Он глянул на „РАФ“, который шатало от попадающих в него пуль. Явер достал наган. Теперь послышались выстрелы с левой стороны. Он запрыгнул в машину и нажал на газ. Водитель „РАФа“ не мог поступить так же, так как двигатель был поврежден и машина не заводилась. Теперь в лоб автобусу были направлены две стригущие автоматные очереди.
Забыв про оружие, пассажиры автобуса лежали между сиденьями и молились. Вдруг стрельба прекратилась и послышался чей-то голос:
— Если кто из вас захочет остаться жить, тот должен в течение тридцати секунд покинуть „РАФ“. По истечении этого времени автобус будет взорван гранатой „Ф-1“.
Это говорил Толик. Он был окрылен победой. Он знал, что это придаст авторитет семье.
Из „РАФа“ начали выходить и выползать раненые. По счастливой случайности, все бойцы Явера остались живы, хотя некоторые получили очень тяжелые ранения.
Эта „стрелка“ поставила точку в отношениях Гриши с Явером.
— Я ему показал, — говорил Гриша, — что не пальцем делан.
Но оставались милиция, которая сужала свое кольцо вокруг него, и терпила.
На узком семейном совете было решено, что Гриша должен покинуть город и отсидеться, пока все решится, в Запорожье.
Зная, что Толик принимает участие в Гришиной судьбе, милиционеры установили за ним круглосуточную слежку. Но планы следует претворять в жизнь: в назначенный день Толик сел в машину и целый час ездил по городу, отрываясь от „хвоста“. Убедившись, что „хвоста“ нет, подъехал к месту, где его ожидал Гриша.

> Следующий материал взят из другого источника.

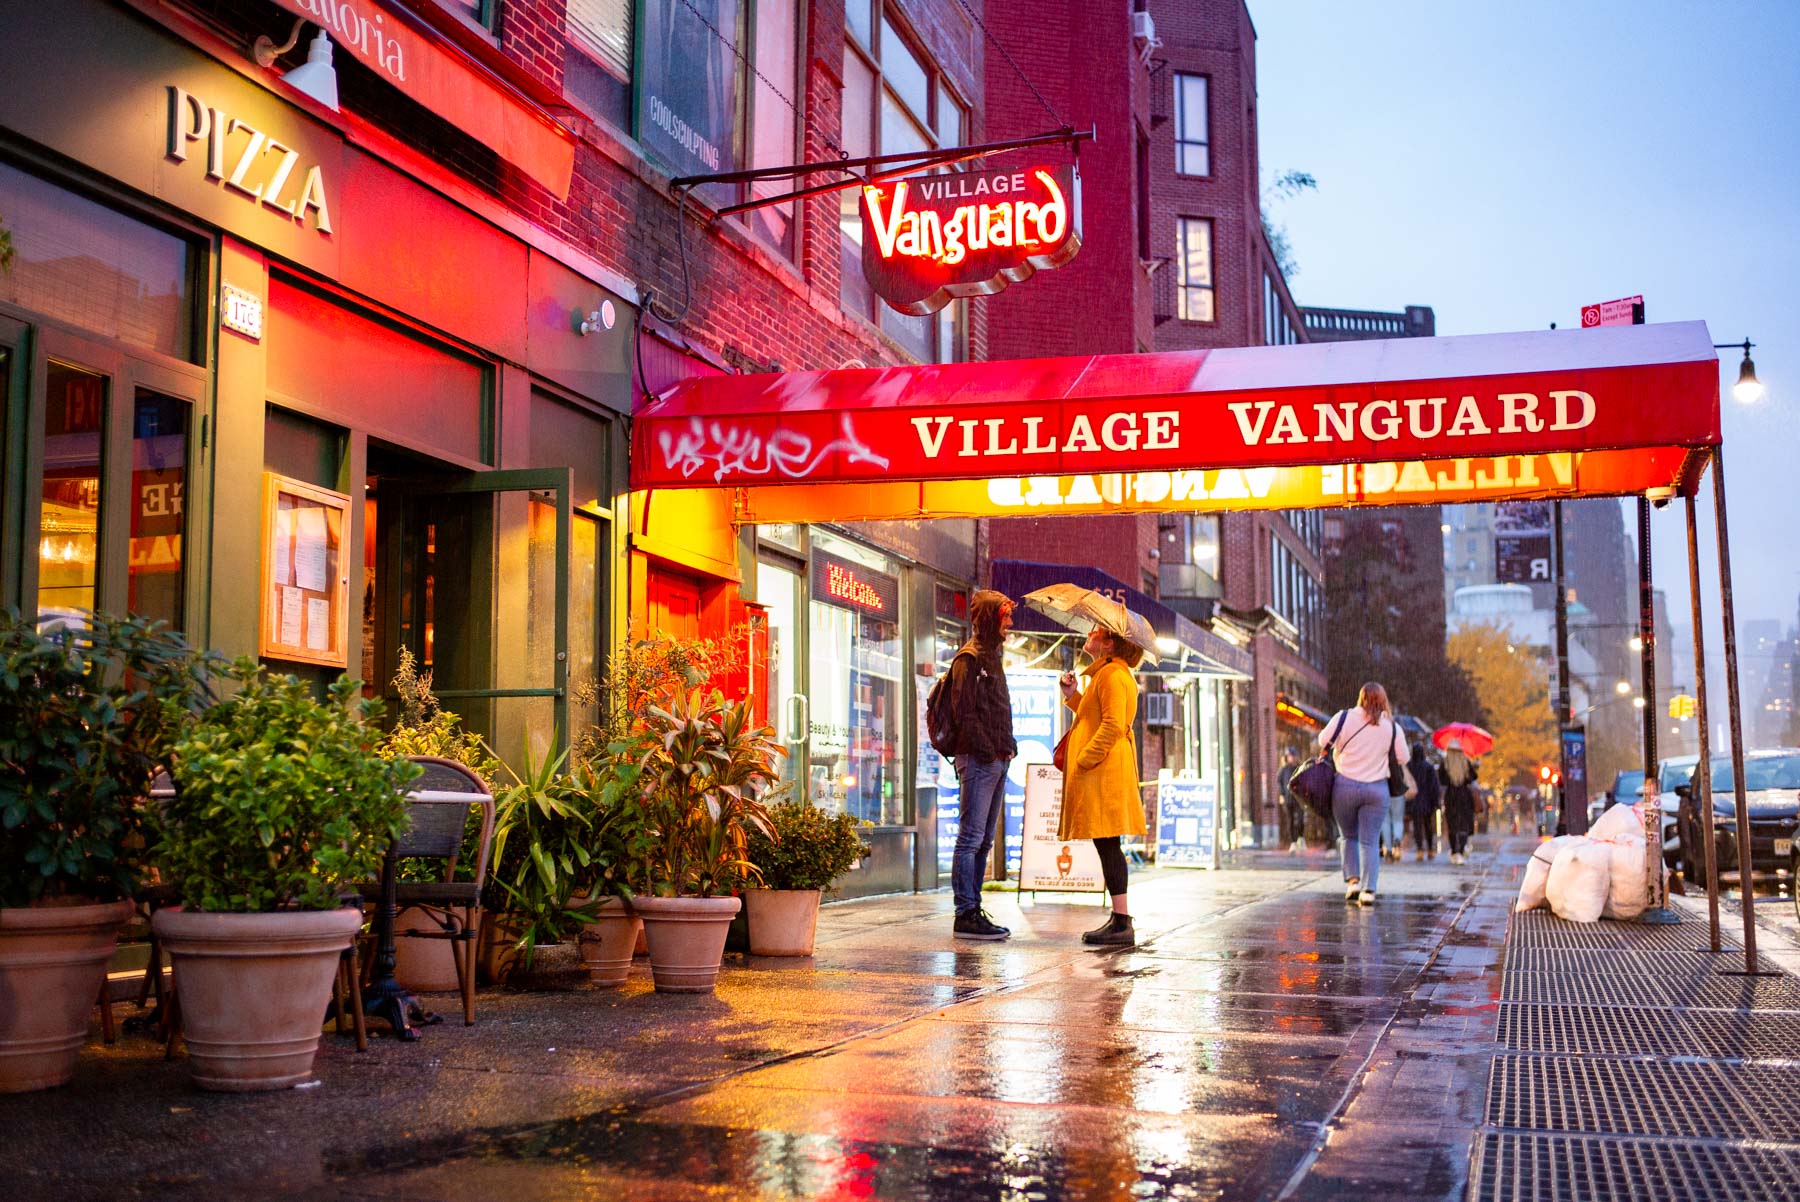 Village Vanguard New York City, best things to do in New York City at night

Тот сел в машину, и они поехали по направлению к нужной трассе.
Вдруг сзади включилась сирена и голос в репродукторе порекомендовал остановиться. В ответ на это Толик утопил педаль газа. Началась погоня в высоких скоростных режимах, которая долго шла по улицам города. Убегающим удавалось оторваться, но только на секунду. Милиция шла по пятам. При помощи радиосвязи она пыталась предугадать движение машины и блокировала дорогу. Беглецам удавалось проезжать, объезжать и пролетать места встречи.
Машина вырвалась на киевскую трассу и была остановлена у поста ГАИ. В ней оказался один водитель по имени Сергей Захаров. Он бегал от погони, потому что утром за завтраком у тещи выпил полстакана пива.

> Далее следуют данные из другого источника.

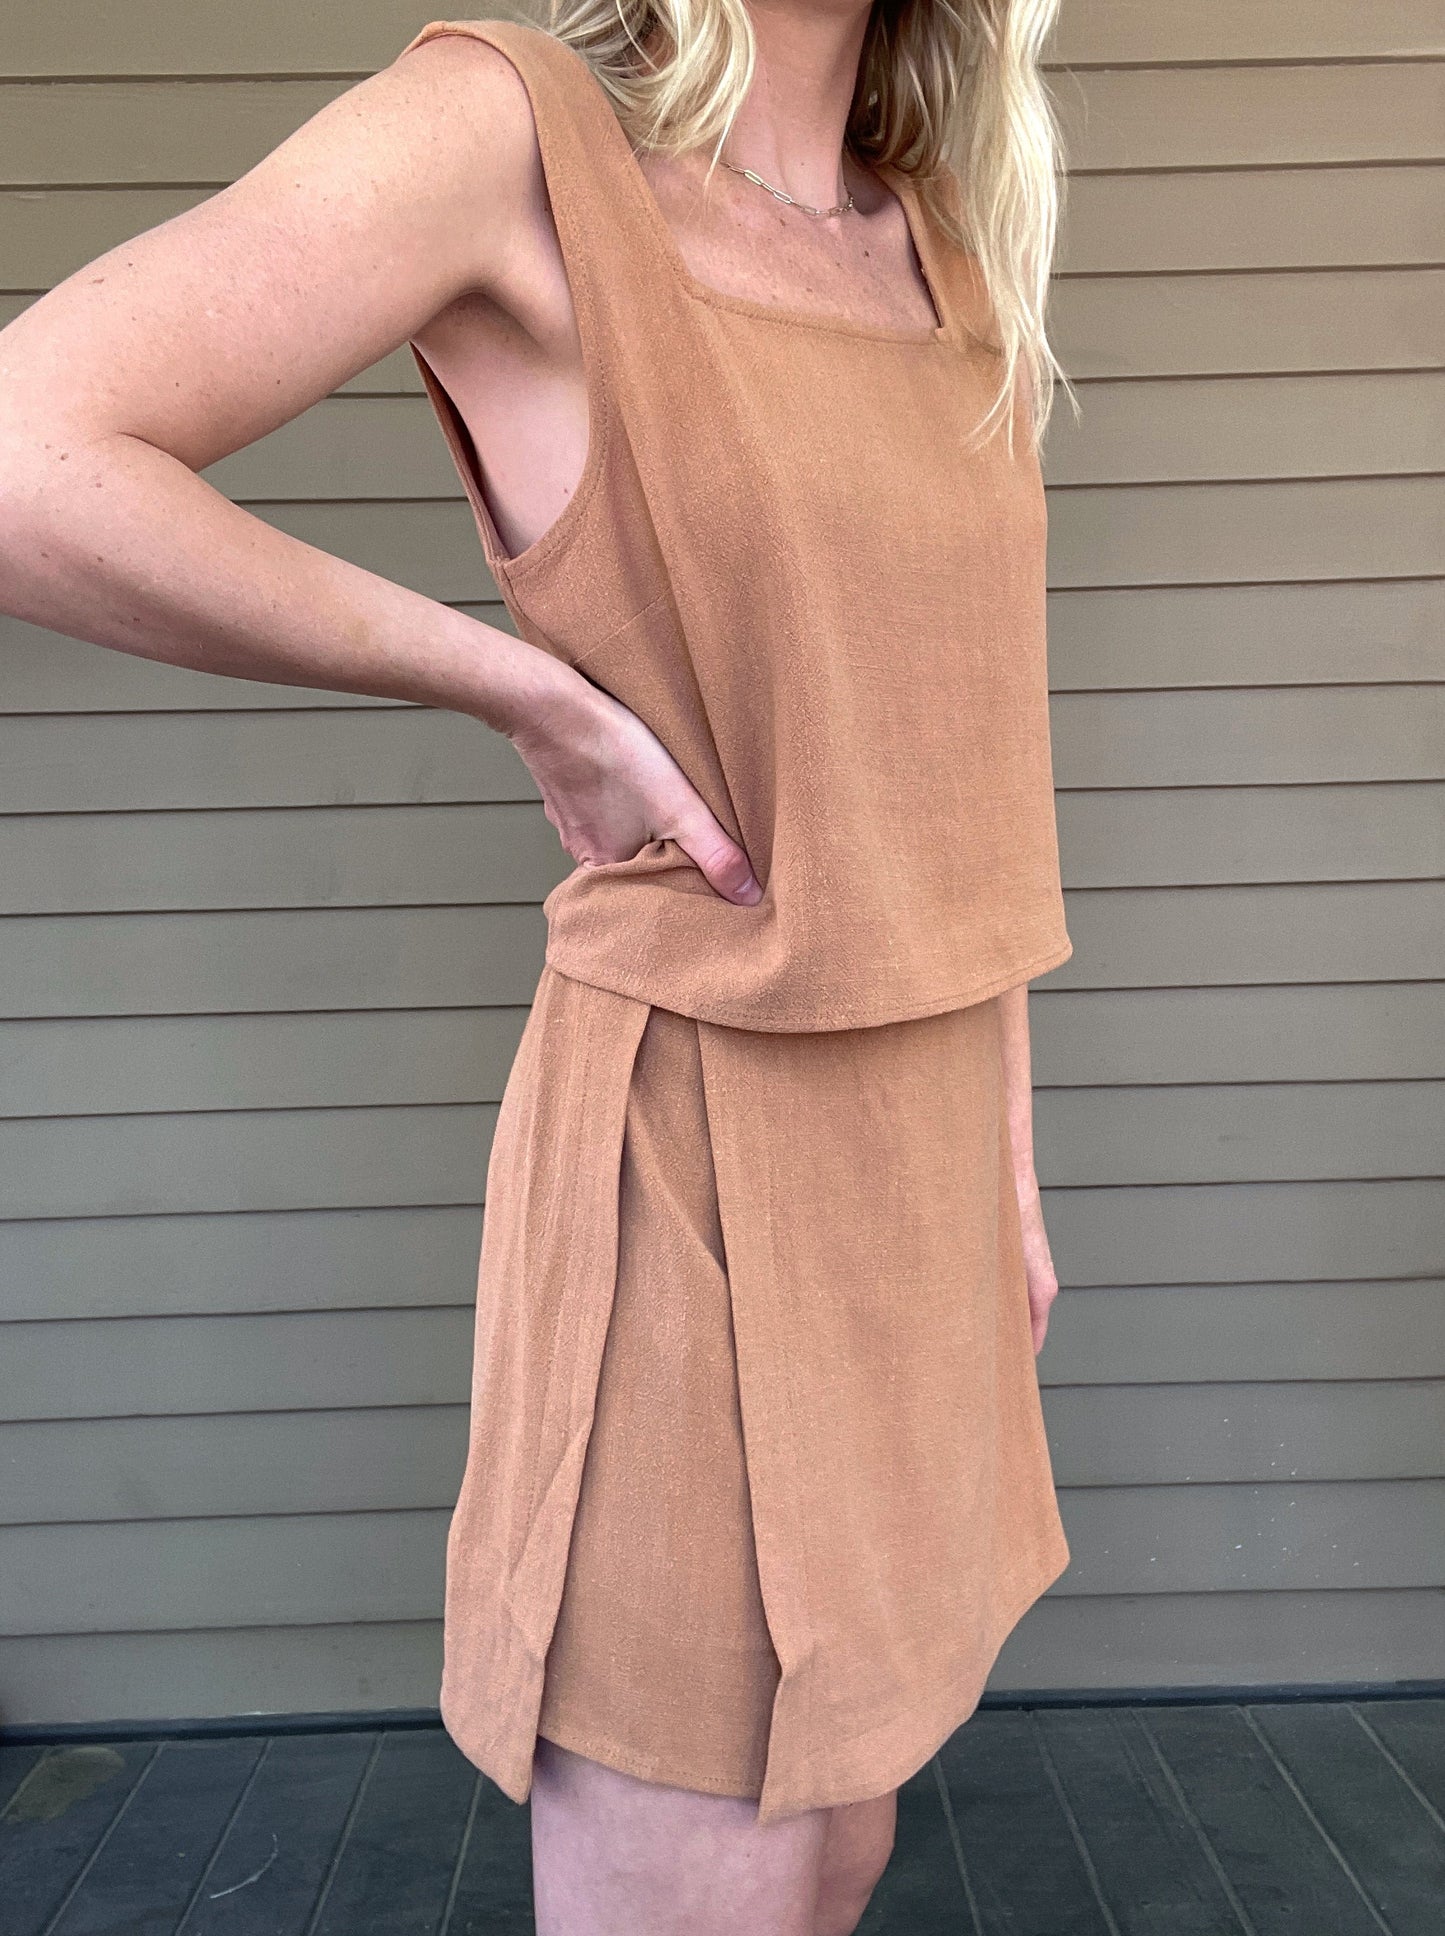 Out West Tank Top and Skirt Set  Tank top and skirt set Loose tank top Side button details on skirt Mini skirt 70% Rayon, 30% Linen Color: Tan

Его продержали шесть часов в горуправлении и, не найдя никакой связи между ним и двумя братьями, выпустили.
В это время Гриша подъезжал к Запорожью. Он сидел за рулем старенькой „Волги“. Перед глазами стояла погоня. За рулем Толя, а он повернулся и смотрит на догоняющую и орущую милицейскую машину. Вот поворот, пыль, стук щебенки. На какое-то время задней машины не видно.
— Гриша, держись крепче! По-моему, сейчас, — кричит Толя.

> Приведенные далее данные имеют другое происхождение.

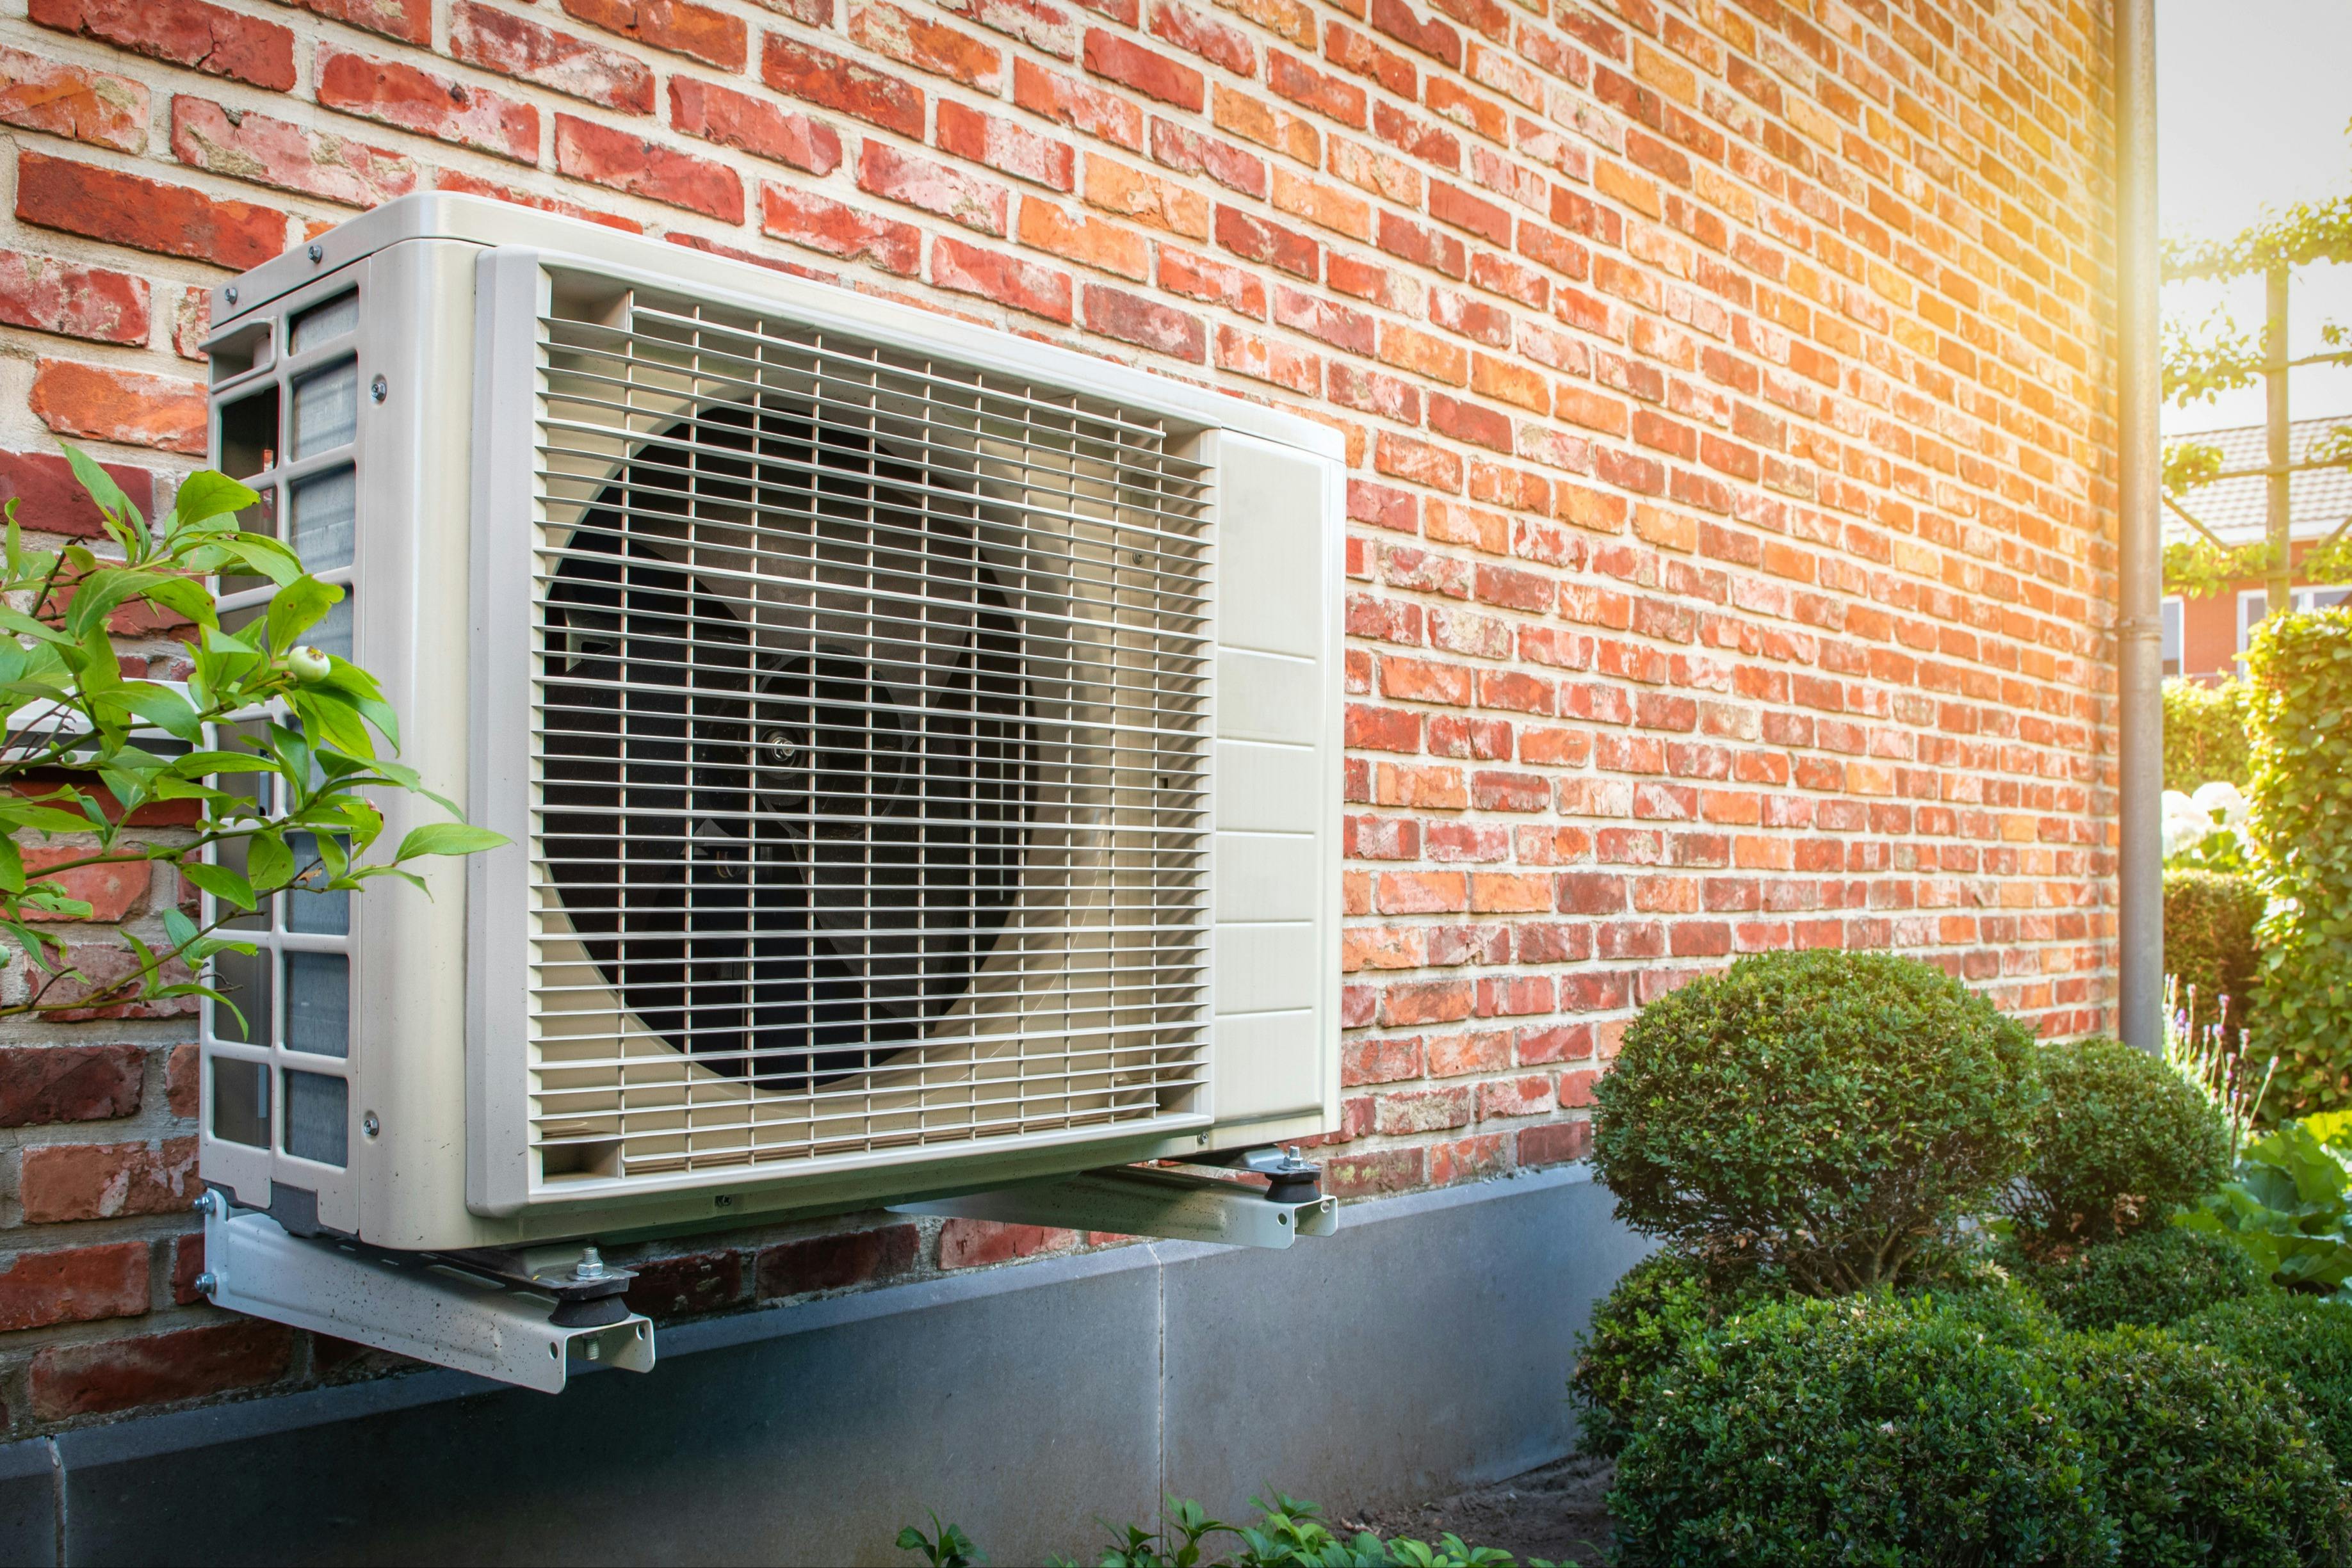 Do You Need Commercial Heat Pumps for Your Business?

Машина на полной скорости входит в поворот. И тут же поворачивает еще раз и останавливается в широкой арке двора.
В это время такая же машина с такими же номерными знаками рванула с места. Гриша видел, как пронеслись, одна за другой, две машины погони. Толик поменял номера на „Жигулях“. Гриша пересел в стоящую в этом же дворе „Волгу“, и Толик проводил его на все тех же „Жигулях“ до трассы. Там братья расстались, и дальше Гриша ехал в одиночестве.
В Запорожье он прожил месяц, пока Толя искал „концы“.
— Теперь все позади, — заключил Гриша, вставая со скамейки. — Андрей погиб под колесами поезда. Ты уж прости, Тося, от тебя я не намерен ничего скрывать. Пойдем зайдем ко мне, а потом поедем где- нибудь буханем шампанского.
Перед тем как открыть дверь, он еще немного колебался и, махнув рукой, отворил.
Тося зашел в трехкомнатную, некогда уютную квартиру. Сейчас в ней не было ничего, кроме обоев. В гостиной на полу у стены лежал тонкий матрас, застеленный простыней. С потолка свисала лампочка на кривом черном проводе.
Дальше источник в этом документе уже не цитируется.